> _SOURCE MATERIAL_
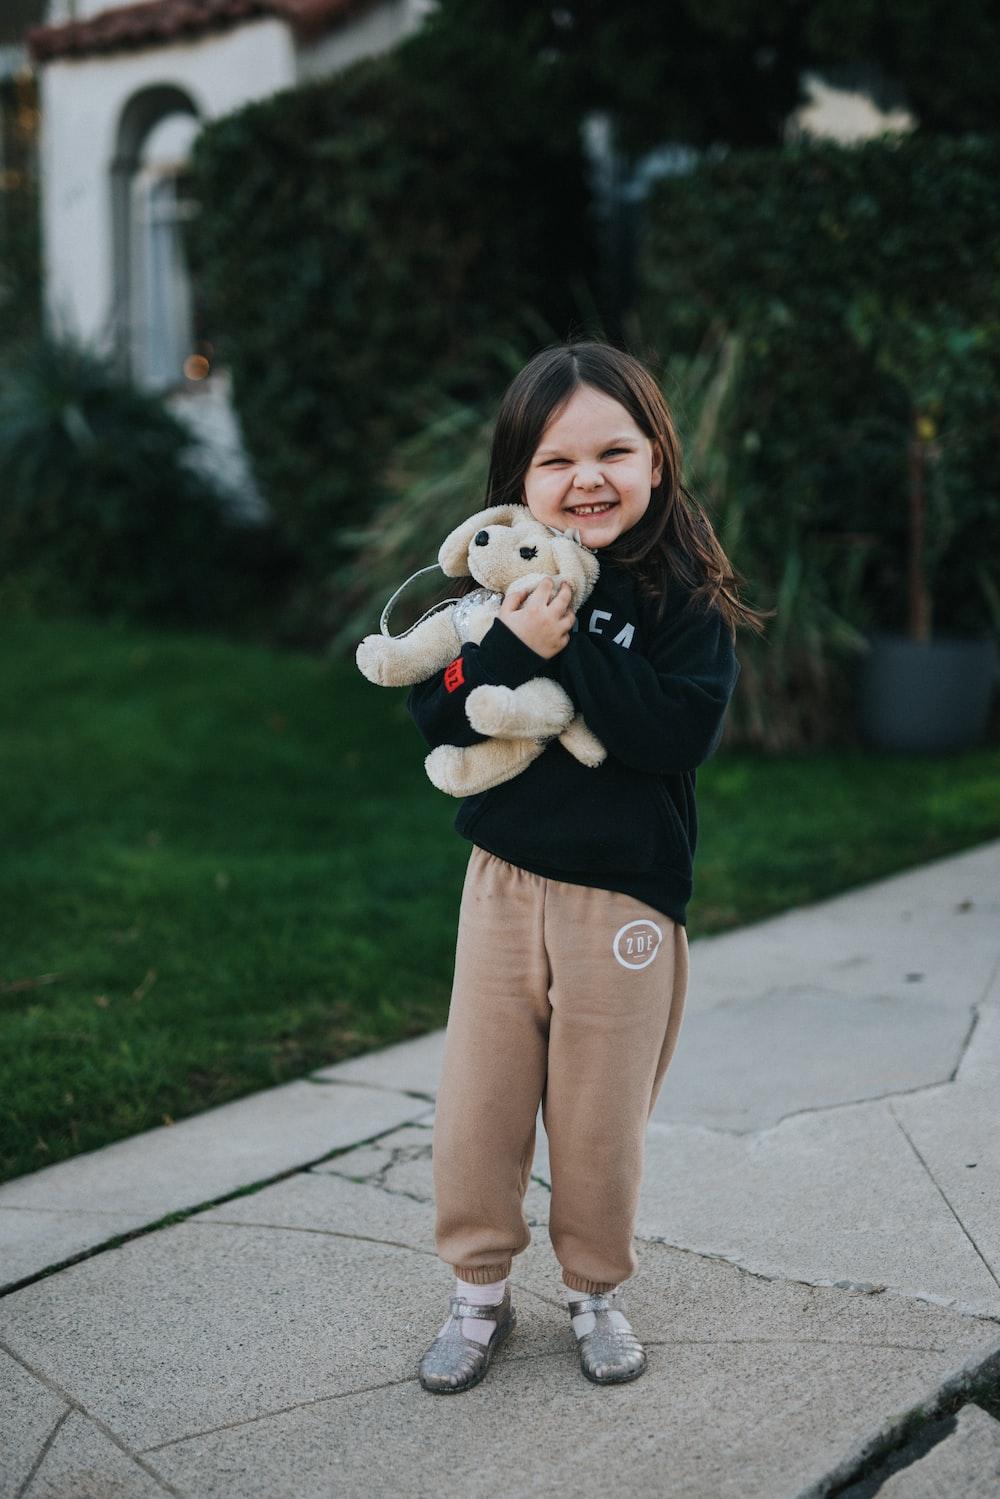 girl in black long sleeve shirt holding white bear plush toy
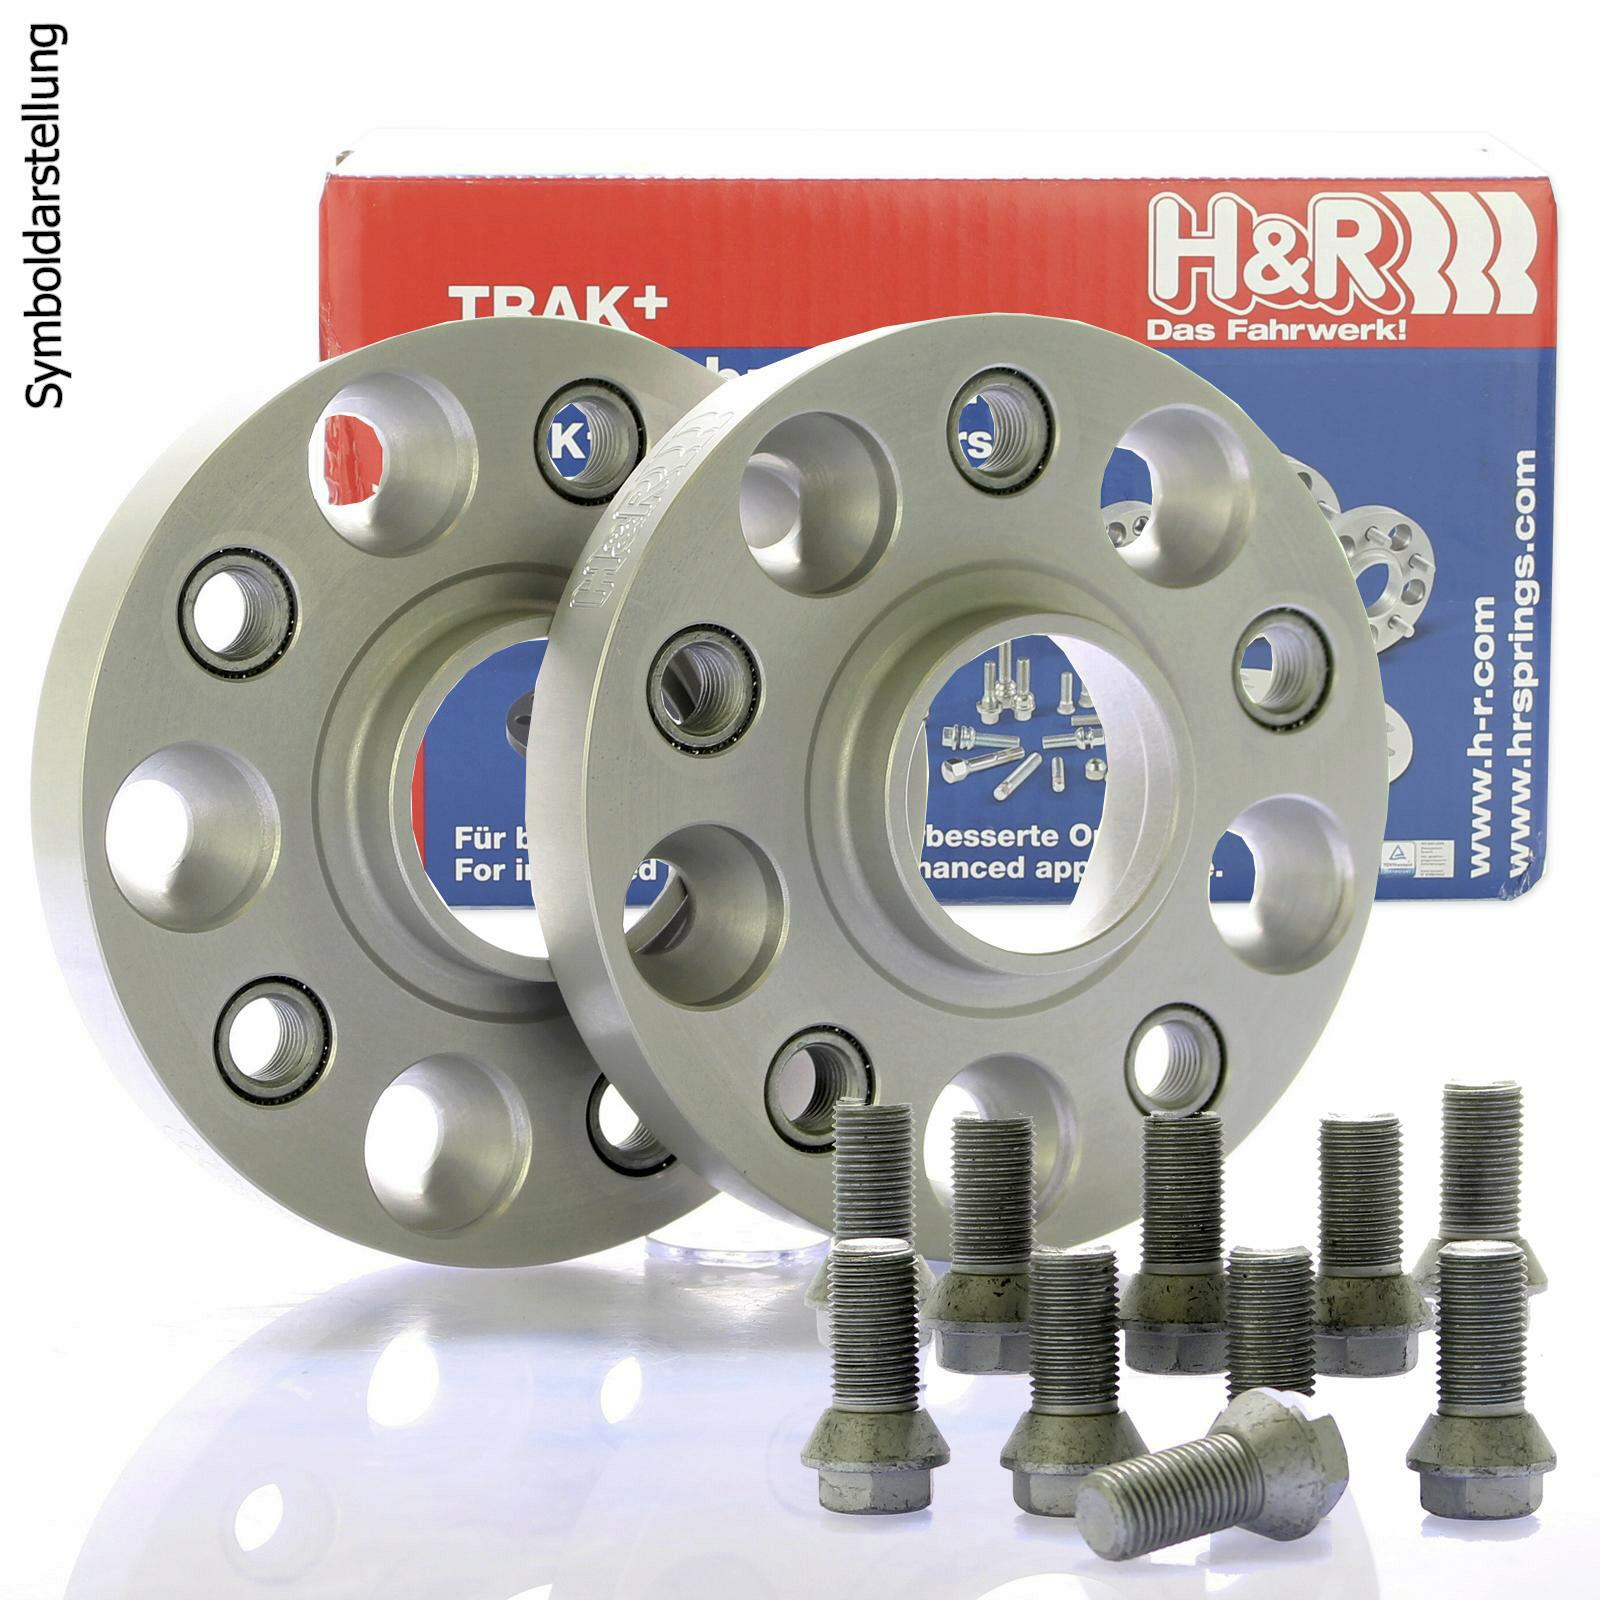 H&R DRA Spurplatten Spurverbreiterung Distanzscheibe 4x100 50mm // 2x25mm
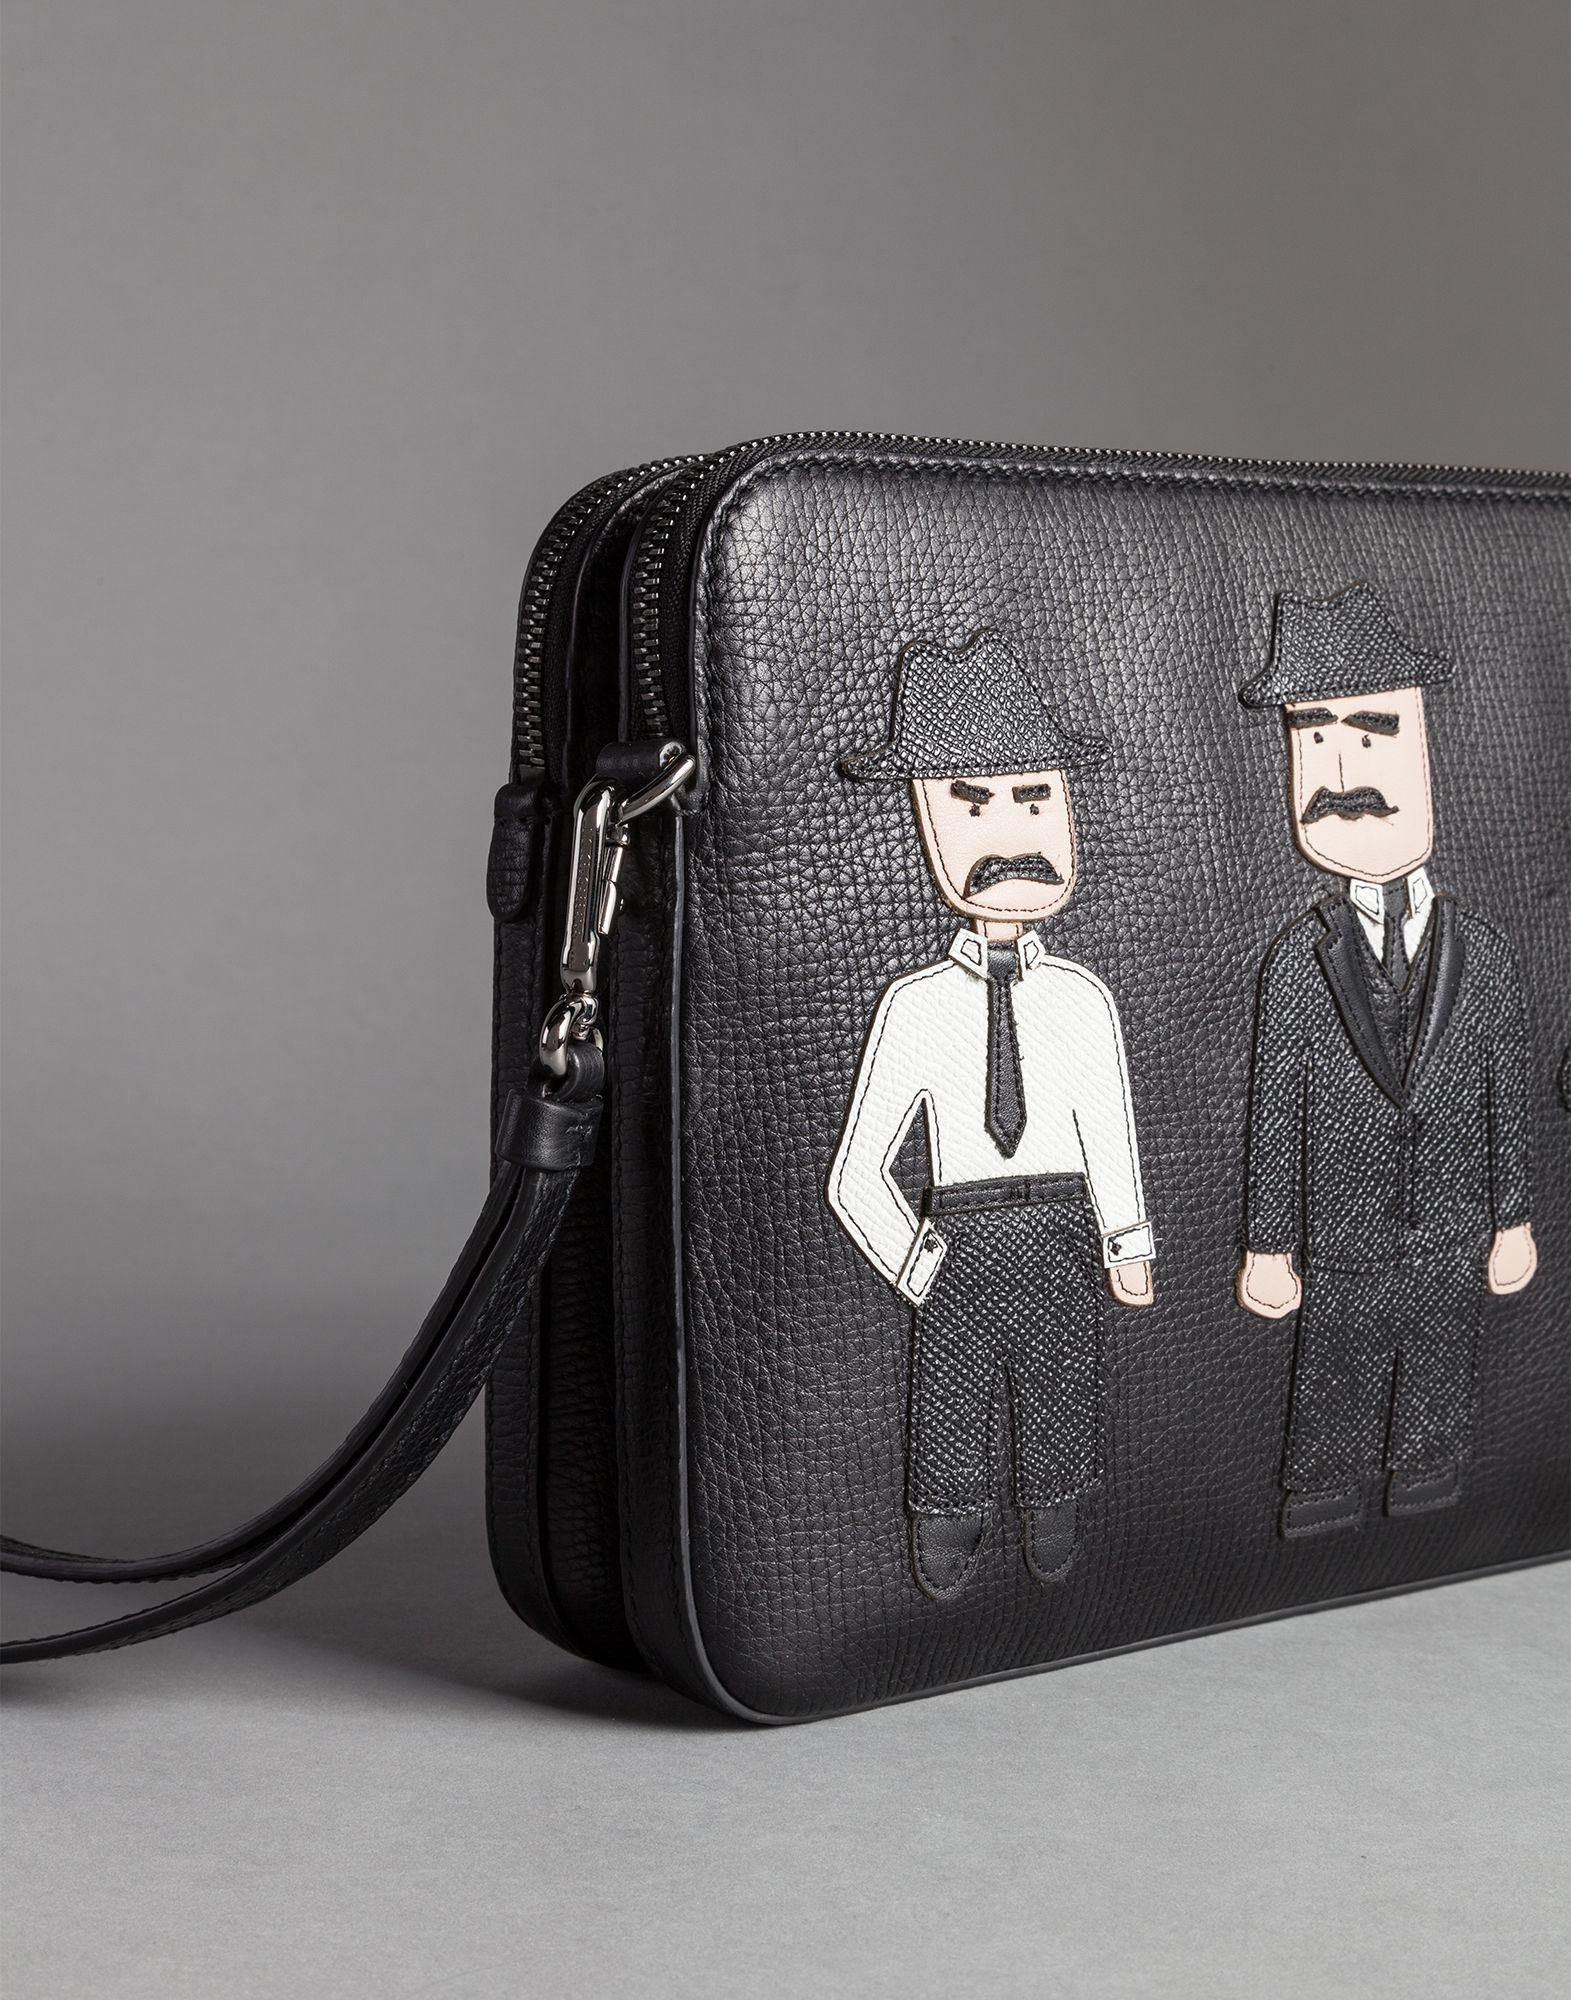 Lyst - Dolce   Gabbana Mediterraneo Calfskin Pouch Sicilian Men ... 7df35ea1886b8

> _YOUR GOAL_
Reproduce the lines from the one with "H&R DRA Spurplatten" through the end of the data, keeping both end lines, adding nothing, and dropping any pictures.

> _RESULT FOR THIS EXERCISE_
 H&R DRA Spurplatten Spurverbreiterung Distanzscheibe 4x100 50mm // 2x25mm
 Lyst - Dolce   Gabbana Mediterraneo Calfskin Pouch Sicilian Men ... 7df35ea1886b8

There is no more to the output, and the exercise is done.